2.7 Continuing Review of Research

1.0 Purpose

The purpose of this policy and procedure is to describe the Organization’s requirements for continuing review of approved research


2.0 Policy

  • 2.1. It is the policy of the Organization that non-exempt research which is subject to the Common Rule or FDA Regulations shall undergo continuing review at intervals appropriate to the degree of risk, but not less than once per year, except as allowed under rev 45 CFR 46.109(f).
  • 2.2. It is the policy of the Organization that non-exempt research which is not subject to the Common Rule or FDA Regulations shall undergo continuing review at intervals appropriate to the degree of risk.

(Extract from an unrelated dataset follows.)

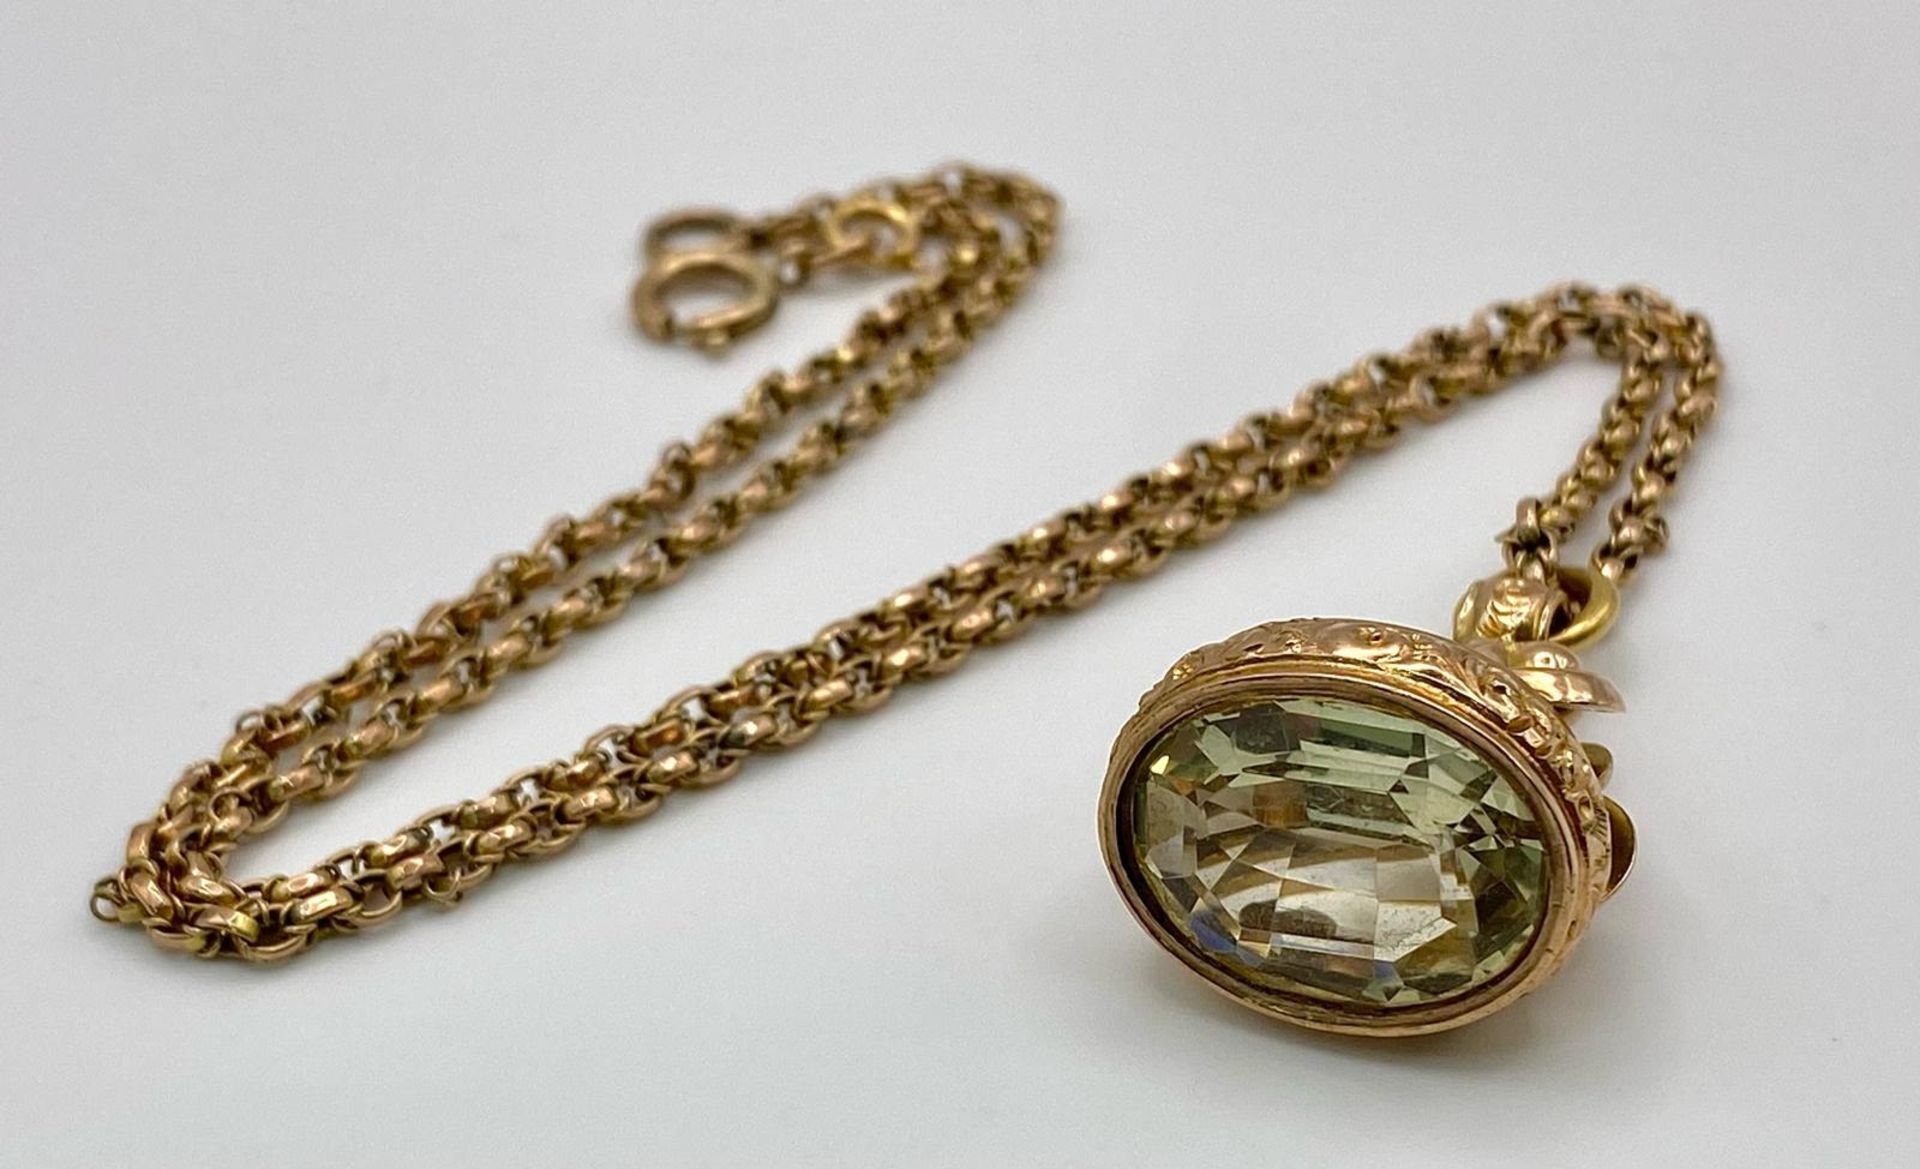 An Antique 9K Gold Fob Seal Citrine Gemstone Pendant on a 9K Gold Chain. Pendant - 3cm. Chain -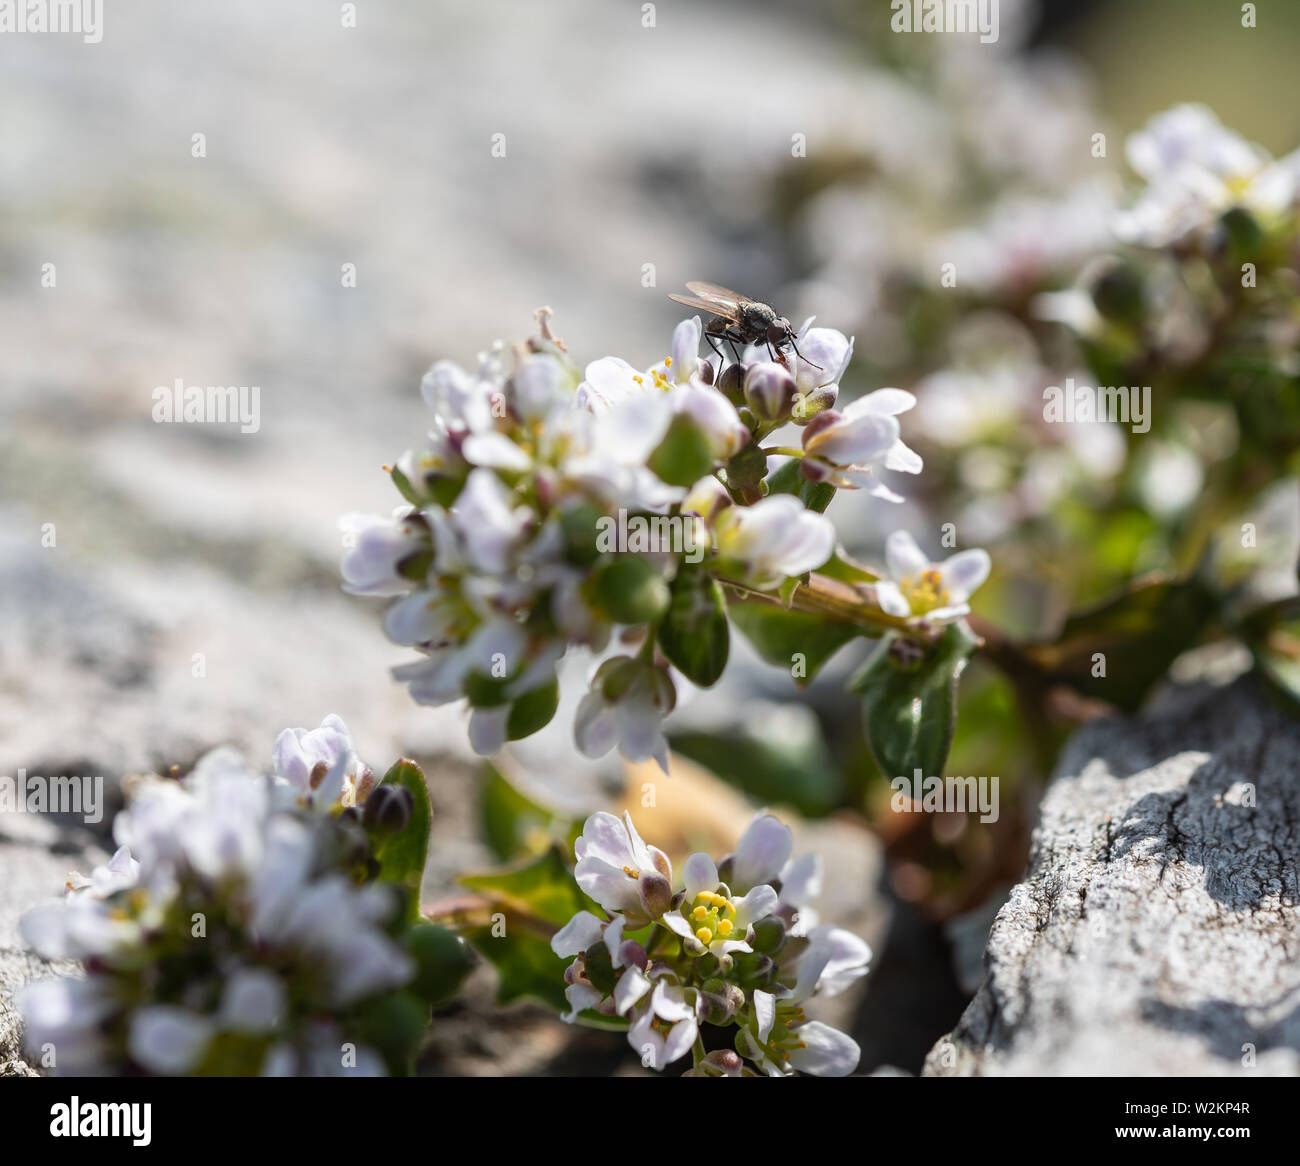 White alyssum plant flower close-up, growing in rocks Stock Photo

3.0 Continuing Review Frequency

  • 3.1. Non-exempt research which is subject to the Common Rule or FDA Regulations shall undergo continuing review at intervals appropriate to the degree of risk, but not less than once per year, except as described in sections 3.3 or 3.4 below.
    • 3.1.1. The IRB may determine that continuing review is required more often than annually, as described in HRPP policy 3.1 (Assessing the Need for Increased Monitoring, Interim Continuing Review, and Verification from Sources Other than the PI).
    • 3.1.2. Non-exempt research which is not subject to the Common Rule or FDA Regulations shall undergo continuing review at intervals appropriate to the degree of risk.
    • 3.1.3. Unless the IRB specifically determines at the time of initial review or continuing review that a protocol should be reviewed less often than annually, the research will be subject to review annually.
  • 3.2. Unless the IRB determines otherwise, continuing review of research is not required in the following circumstances:
    • 3.2.1. Research which underwent expedited review in accordance with rev 45 CFR 46.110 after January 20, 2019, the effective date of the Revised Rule.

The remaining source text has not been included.